Мы жили в каком-то советском профилактории, где нам с Морицом выделили вип-домик. Ну как вип-домик – просто отдельно стоящий домик с общим входом и комнатами с ванной. Мы приезжали со съемок в полуобморочном состоянии, ничего уже не различая, но не различить, что в ванной начинают собираться какие-то гигантские жабы, было невозможно. Я попробовала об этом поговорить с юным пареньком, таджиком, который нас как бы охранял, а на самом деле спал, опершись на автомат у входа. Он пожал плечами и не понял, почему я так нервничаю. Я стала запирать жаб в ванной комнате, но они как-то в геометрической прогрессии размножались и стали заползать в комнату. Однажды я обнаружила их уже в изголовье кровати, а когда откинула одеяло, то под ним на простыне сидел скорпион.

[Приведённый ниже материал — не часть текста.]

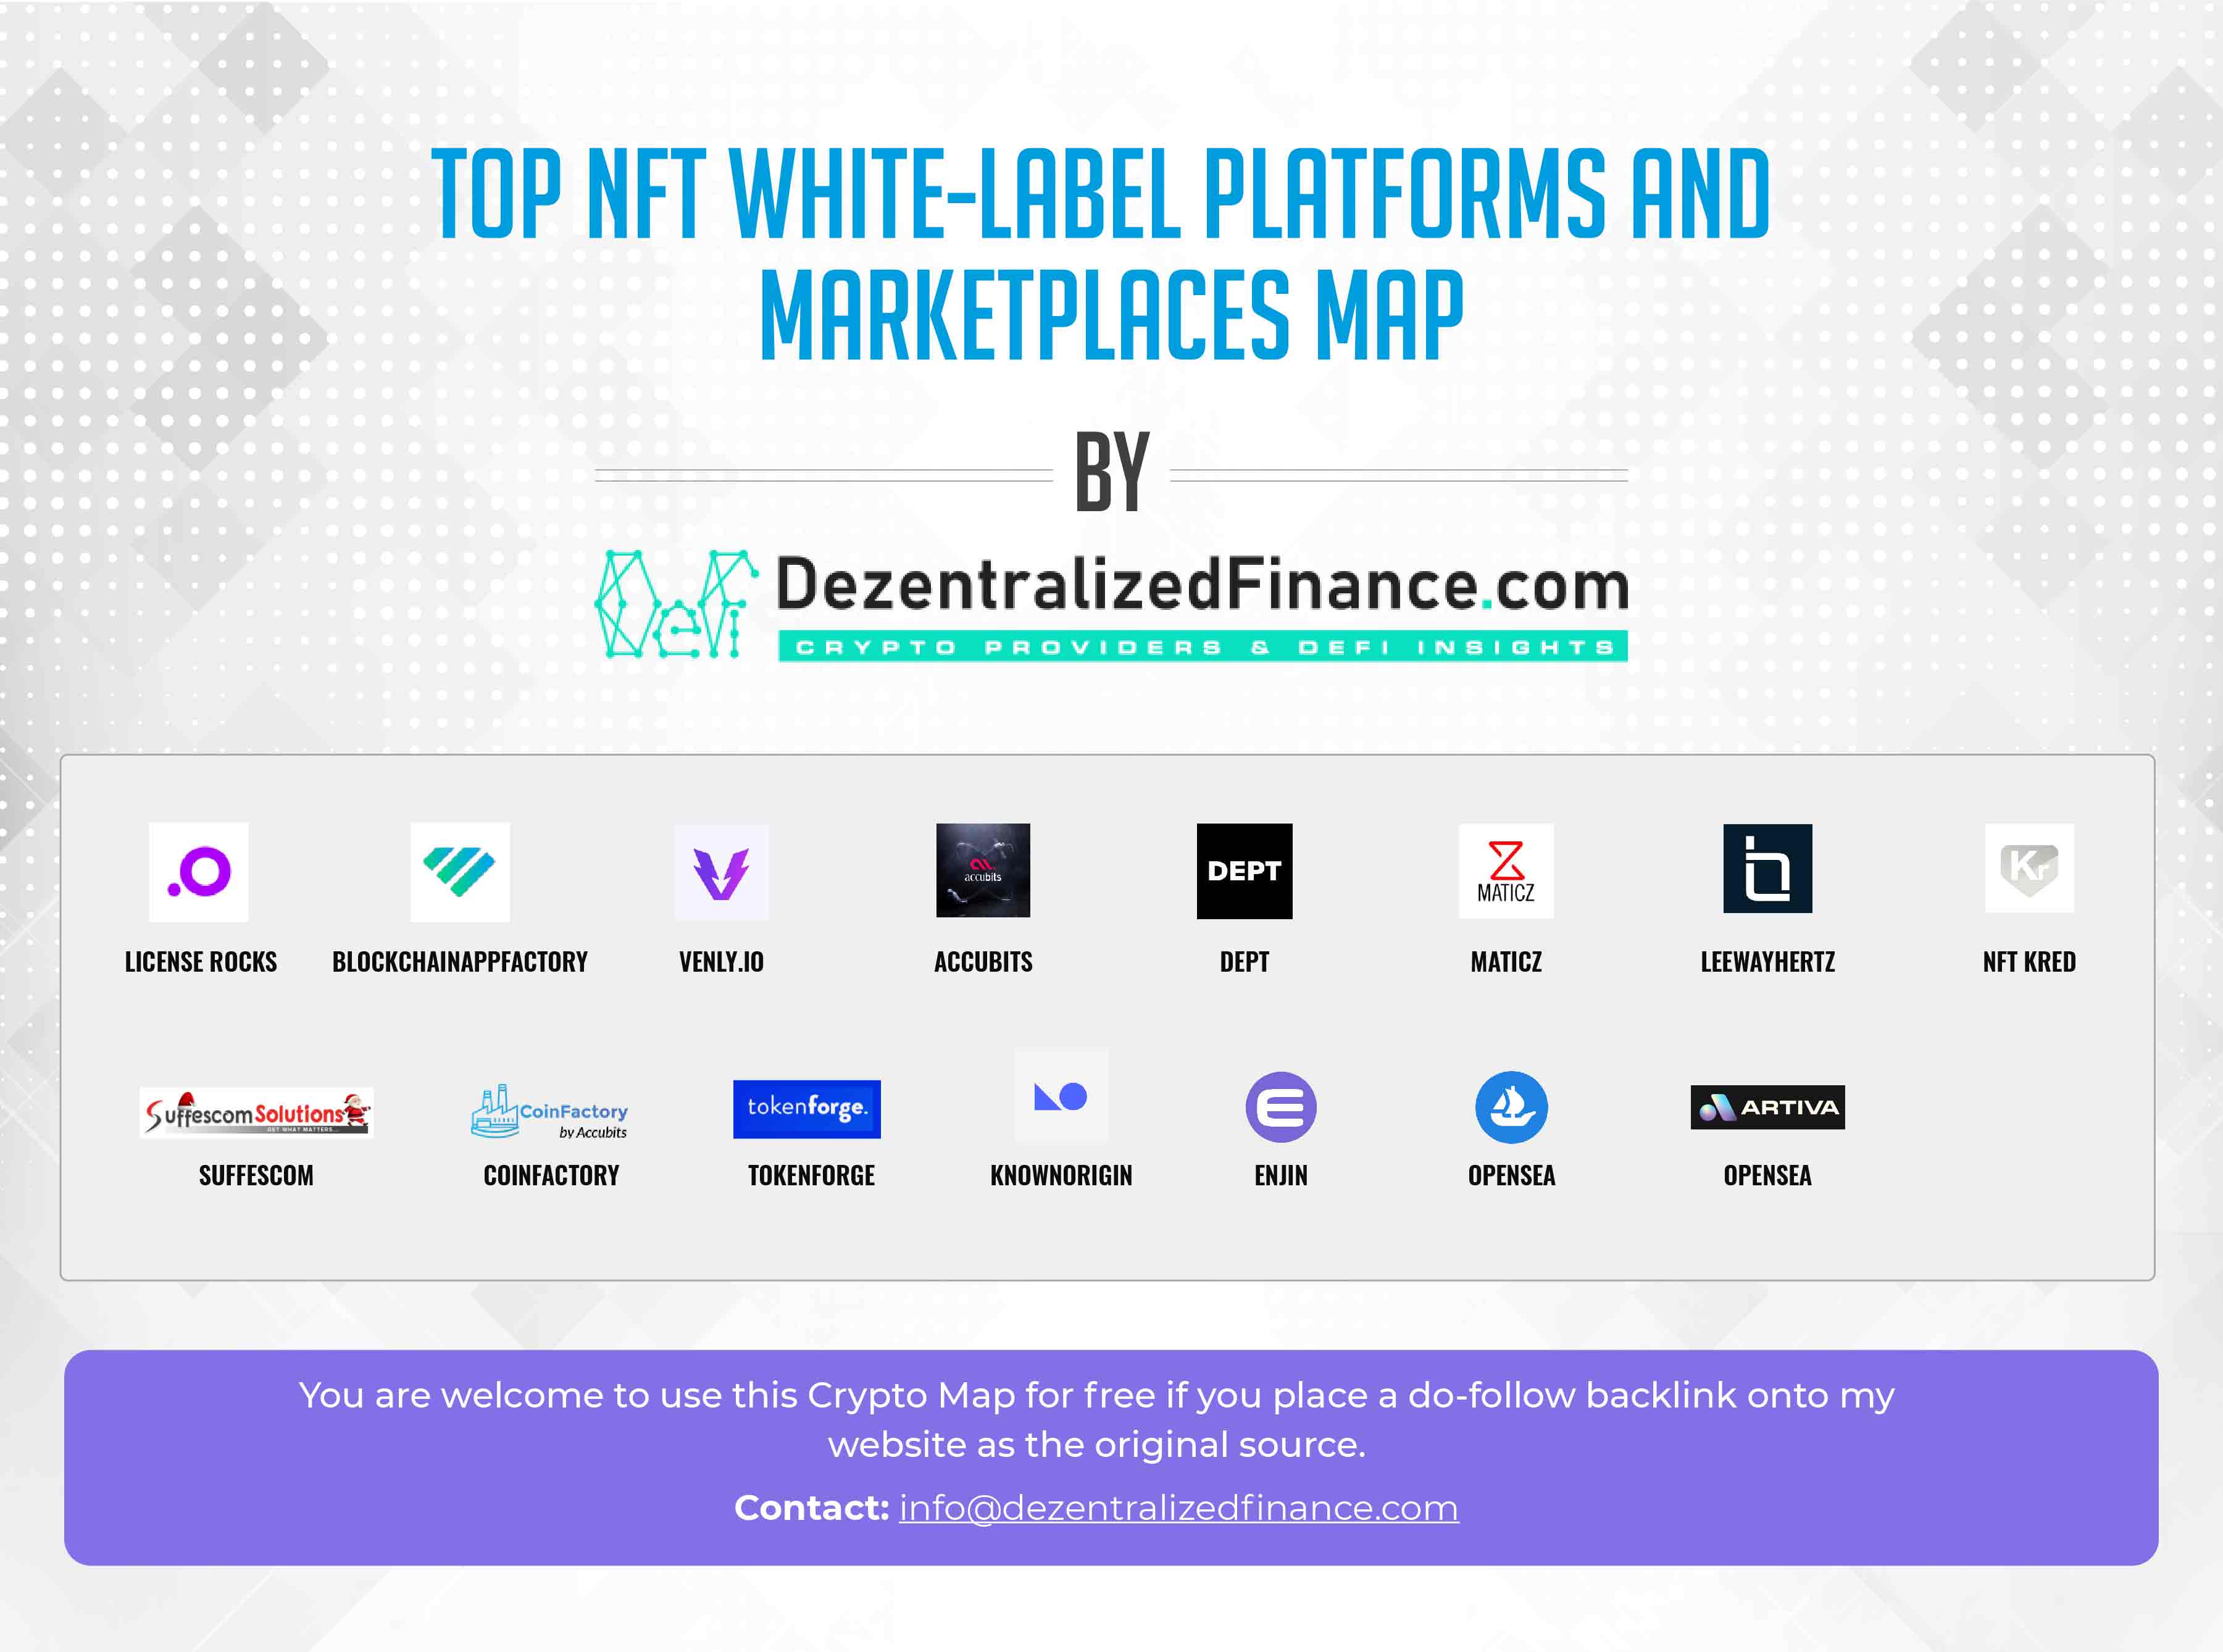 Top NFT White Label Platforms and Marketplaces

К этому почти невозможно было привыкнуть, но мы все оказались в зазеркалье и привыкли.

Бахтик может потратить целый съемочный день на то, чтобы снять план, как по моему лицу ползет какой-то паук. Паук не хочет ползти по лицу так, как надо Бахтику для кадра: он падает мне под платье, залезает в белье, барахтается там и вываливается под ноги. Но Бахтик упорствует и подкидывает еще больше пауков. Причем это еще не вся сцена: камера должна снять паука на мне, а потом перейти на Морица, который пробегает мимо и прыгает в овраг. И сидит там, пока Бахтик не скажет: “Стоп. Снято”. И вот мы целый день это снимаем. На меня в очередной раз бросают паука, он неправильно ползет, падает мне за шиворот, Мориц пробегает, прыгает, Бахтик кричит: “Стоп. Снято!” Но Мориц из оврага не выходит. Ему опять: “Стоп. Снято” – тишина, еще раз – никакой реакции. Я, подхватив платье, несусь к оврагу и вижу мраморного цвета Морица, напротив которого раскачивается здоровенная кобра. Я завизжала: “Змея, змея!” – и прибежал Валера, человек, который отвечает за зверье. Он молниеносно хватает кобру, как-то раскручивает ее за хвост и запихивает головой в банку. И она с нами жила какое-то время, потому что Бахтик всё пытался ее приспособить к картине, как и разную другую живность, встретившуюся нам на пути. К этому моменту пауков, тараканов, змей, лягушек и другой флоры и фауны вокруг полно, и в арсенале нашего Валеры ее хватает. Например, у него есть очень ядовитый тарантул.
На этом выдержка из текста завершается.